И лишь когда вокруг прокатился звук незнакомого мне прежде мужского голоса, я ненадолго вынырнул из сковавших меня пут и смог, наконец, слегка пошевелиться, отчего длинные темные пальцы тут же испуганно метнулись прочь.
– Директива двести восемь накладывает на всех нас определенные обязательства, – произнесло настойчивое эхо. – И я хочу еще раз убедиться в том, что мы все готовы их безукоризненно соблюдать. Лорен, вы уже сообщили своей команде последние новости?
– Нет, сэр. Я еще не успела этого сделать.
– Отлично, тогда я возьму эту роль на себя, – прогудел неизвестный голос. – Итак, если верить результатам клинических исследований, самовосстановление мозга пациента практически завершено. По заверениям Лорен и доктора Эйджена, внеочередная экспертиза, проведенная этой ночью, указывает на то, что пациент способен очнуться в любую минуту.

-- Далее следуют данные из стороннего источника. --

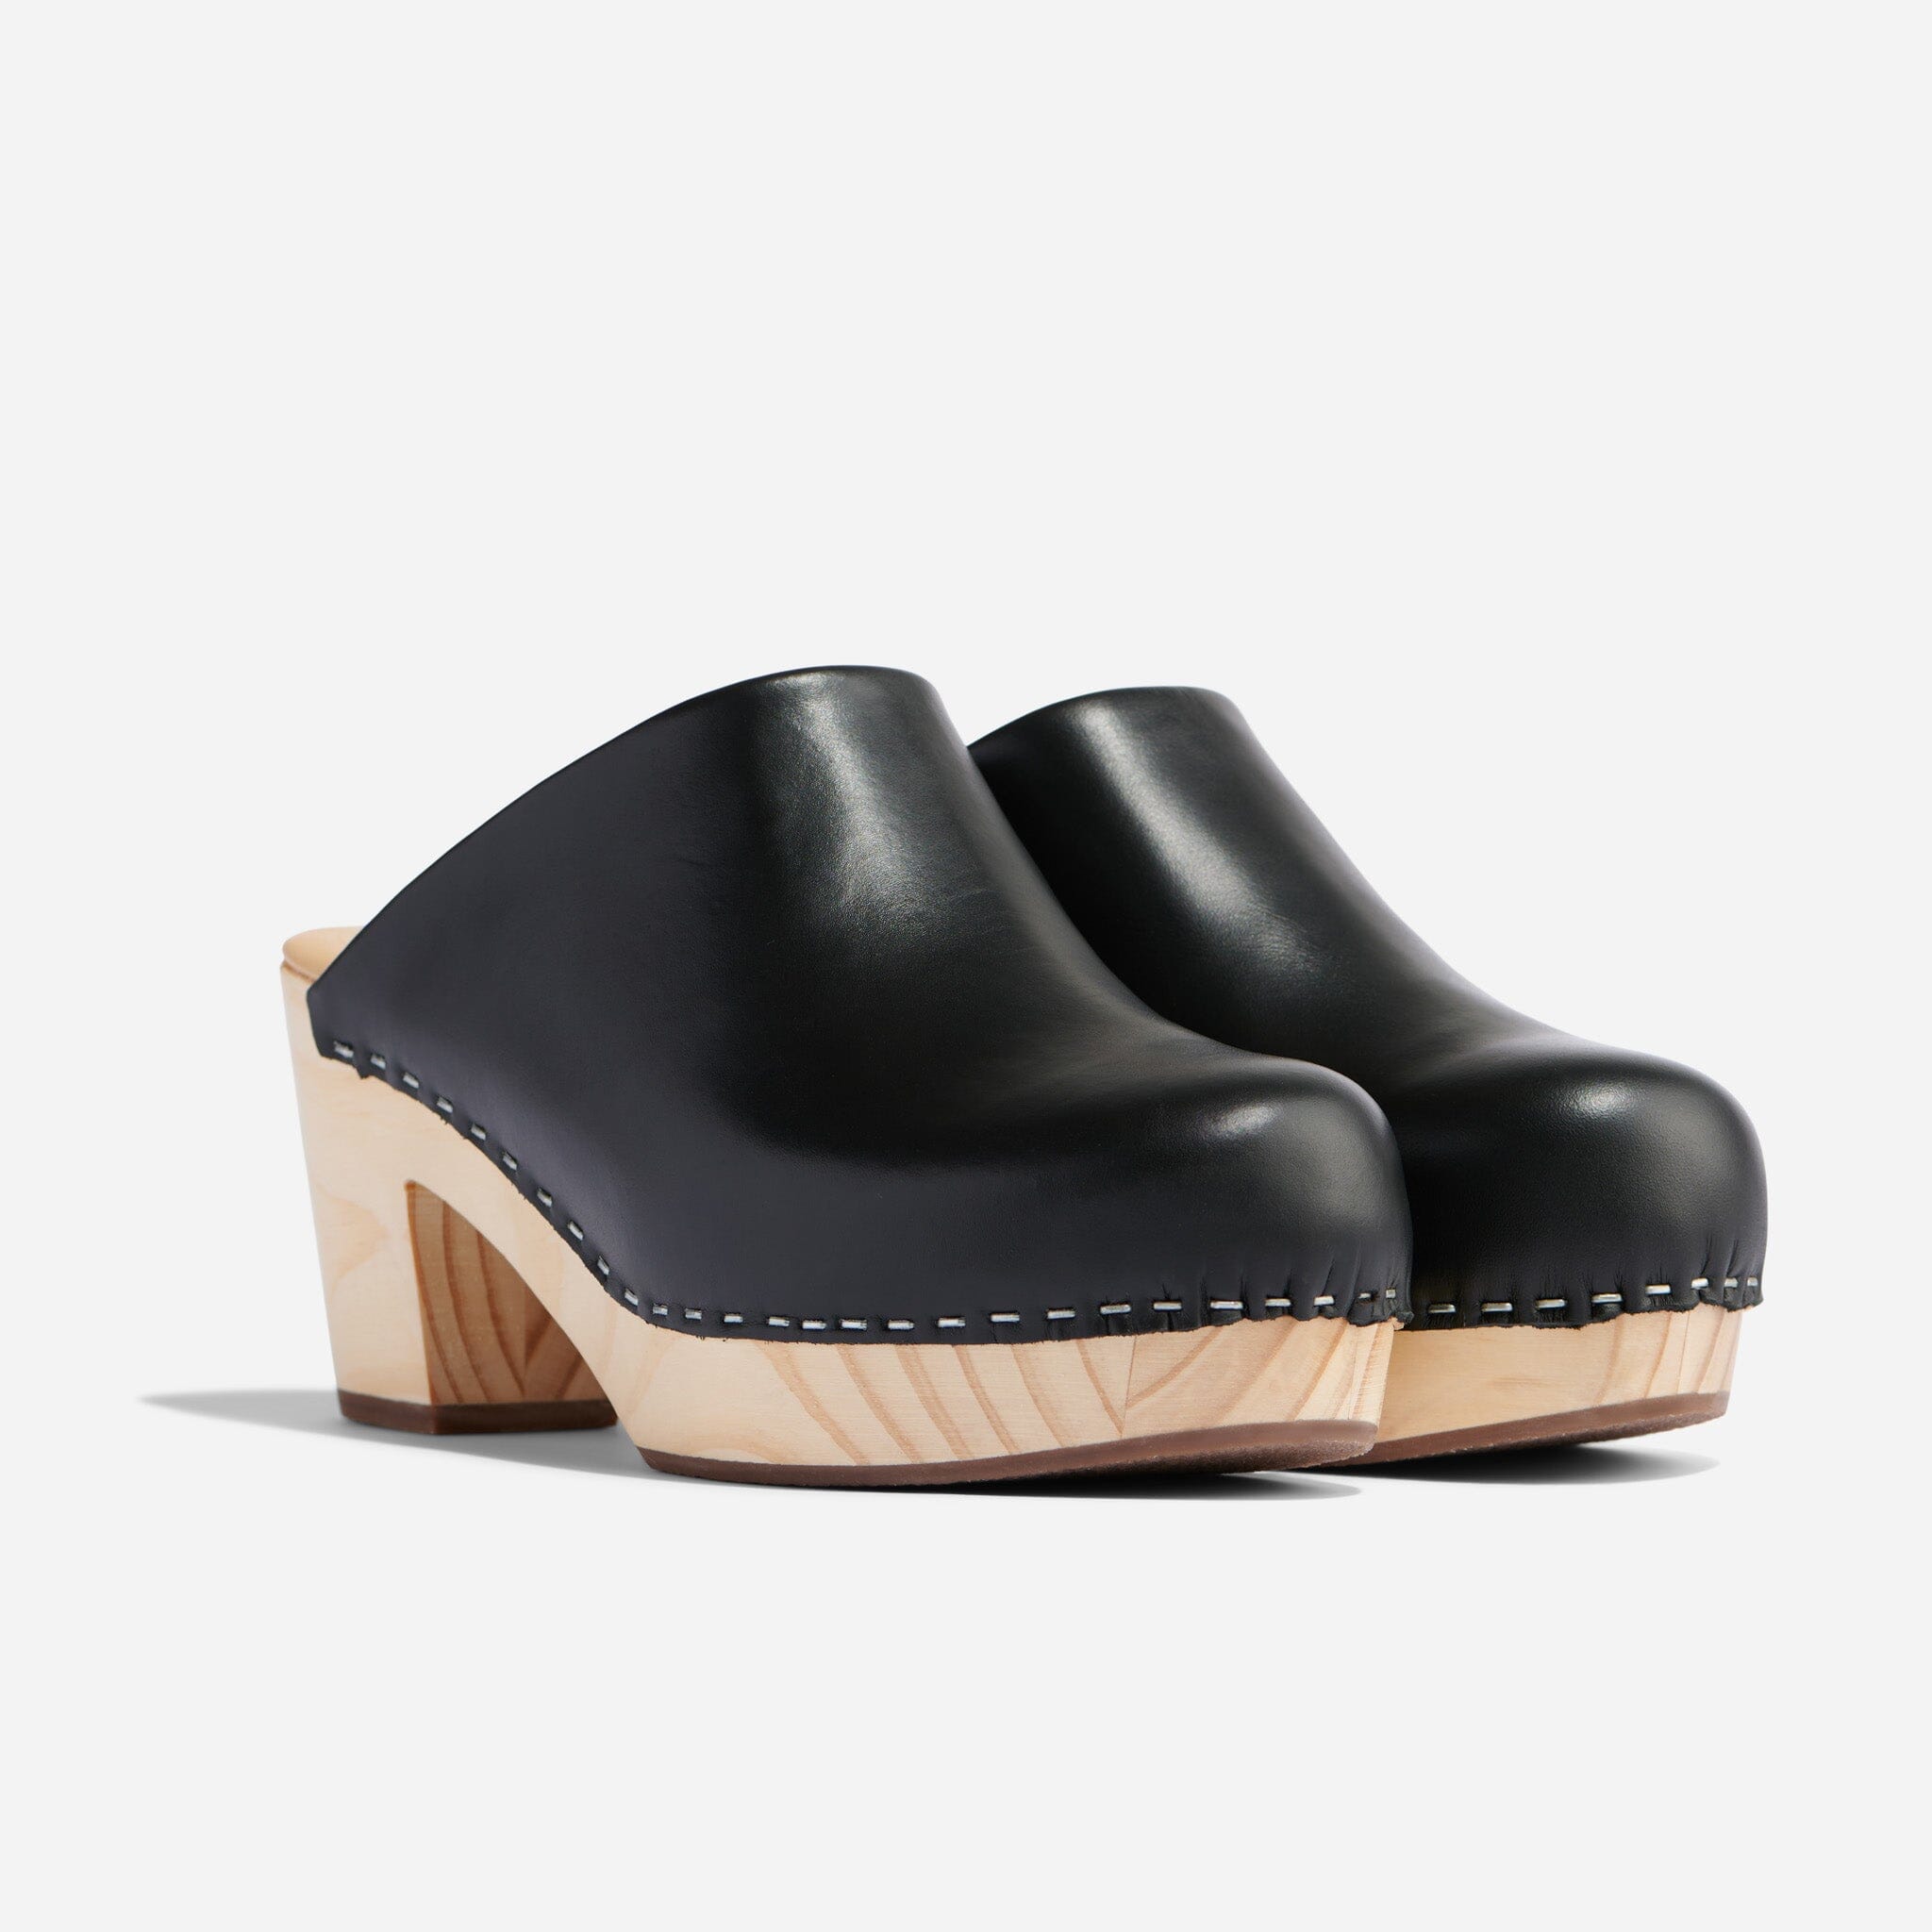 Buy TRYME Embellished Block Heel Sandals Comfortable & Trendy Party Heels  for Girls & Women at Amazon.in

– Именно так, – подтвердила женщина, слегка вздохнув. – Думаю, никто из нас никогда не верил в то, что это вообще возможно, однако этот момент все же настал. Тело Фрэнка Миллера начало реагировать на внешние раздражители.
– Спасибо, Лорен, – невежливо перебил мужчина. – В связи с этим я настоятельно рекомендую всем вам еще раз изучить текст директивы двести восемь, а также тщательно отрепетировать предписанный ею сценарий. У пациента не должно закрасться ни единой мысли о том, что с ним происходило на самом деле на протяжении трех последних десятилетий. Когда Фрэнк Миллер придет в себя и откроет глаза, он должен быть уверен в том, что просто-напросто вышел из затяжной комы, а вы все – обыкновенные врачи рядовой государственной клиники. Это всем ясно?
– Сэр, – робкий голосок молодой девушки забрезжил откуда-то слева. – Я понимаю, что не имею права возражать вам, но разве то, что мы делаем, не противоречит нормам морали и существующим законам страны? Какое право мы имеем утаивать информацию и лгать пациенту?
– Доктор Адамс, – раздраженно начал мужской голос. – Нормы морали и существующие законы распространяются исключительно на граждан этой страны и, собственно, живых людей из плоти и крови. Потому к пациенту двести восемь они не имеют никакого отношения. В политике нашего управления стоит единственная задача – использовать все, что только возможно, во благо государства.